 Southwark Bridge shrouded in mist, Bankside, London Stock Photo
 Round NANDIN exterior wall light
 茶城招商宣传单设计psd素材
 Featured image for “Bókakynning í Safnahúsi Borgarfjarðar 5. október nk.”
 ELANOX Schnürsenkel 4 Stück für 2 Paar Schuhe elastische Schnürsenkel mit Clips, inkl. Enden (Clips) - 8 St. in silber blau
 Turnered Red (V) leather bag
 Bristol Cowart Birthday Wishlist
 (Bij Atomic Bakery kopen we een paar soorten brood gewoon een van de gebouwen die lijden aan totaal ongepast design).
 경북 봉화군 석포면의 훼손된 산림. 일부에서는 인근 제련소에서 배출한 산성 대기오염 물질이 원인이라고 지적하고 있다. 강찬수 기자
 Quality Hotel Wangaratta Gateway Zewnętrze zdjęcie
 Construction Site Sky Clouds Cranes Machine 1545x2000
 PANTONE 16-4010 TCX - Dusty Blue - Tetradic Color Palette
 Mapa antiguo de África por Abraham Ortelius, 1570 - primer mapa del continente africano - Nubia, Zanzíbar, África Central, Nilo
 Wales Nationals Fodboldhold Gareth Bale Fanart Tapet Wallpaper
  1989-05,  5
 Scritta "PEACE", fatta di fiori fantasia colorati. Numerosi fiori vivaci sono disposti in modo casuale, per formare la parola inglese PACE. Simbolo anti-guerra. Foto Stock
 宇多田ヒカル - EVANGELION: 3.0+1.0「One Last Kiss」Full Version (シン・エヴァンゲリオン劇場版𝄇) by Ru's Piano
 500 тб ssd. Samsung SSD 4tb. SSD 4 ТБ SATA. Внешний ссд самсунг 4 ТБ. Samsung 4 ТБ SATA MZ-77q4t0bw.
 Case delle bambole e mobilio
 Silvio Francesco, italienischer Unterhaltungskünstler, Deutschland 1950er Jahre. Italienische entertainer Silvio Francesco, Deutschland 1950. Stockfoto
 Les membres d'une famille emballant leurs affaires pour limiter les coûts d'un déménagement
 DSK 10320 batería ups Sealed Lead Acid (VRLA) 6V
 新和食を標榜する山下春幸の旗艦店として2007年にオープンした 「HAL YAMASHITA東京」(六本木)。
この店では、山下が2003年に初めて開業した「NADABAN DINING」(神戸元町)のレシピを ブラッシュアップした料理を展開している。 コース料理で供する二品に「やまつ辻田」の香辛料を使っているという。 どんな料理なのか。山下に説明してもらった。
★ ★ ★ ★
§ **Action item**: The lines above from the one containing "Round NANDIN exterior wall light" through the one containing "Bristol Cowart Birthday Wishlist" are to be set down exactly, and no others.

§ **Exercise solution**:
 Round NANDIN exterior wall light
 茶城招商宣传单设计psd素材
 Featured image for “Bókakynning í Safnahúsi Borgarfjarðar 5. október nk.”
 ELANOX Schnürsenkel 4 Stück für 2 Paar Schuhe elastische Schnürsenkel mit Clips, inkl. Enden (Clips) - 8 St. in silber blau
 Turnered Red (V) leather bag
 Bristol Cowart Birthday Wishlist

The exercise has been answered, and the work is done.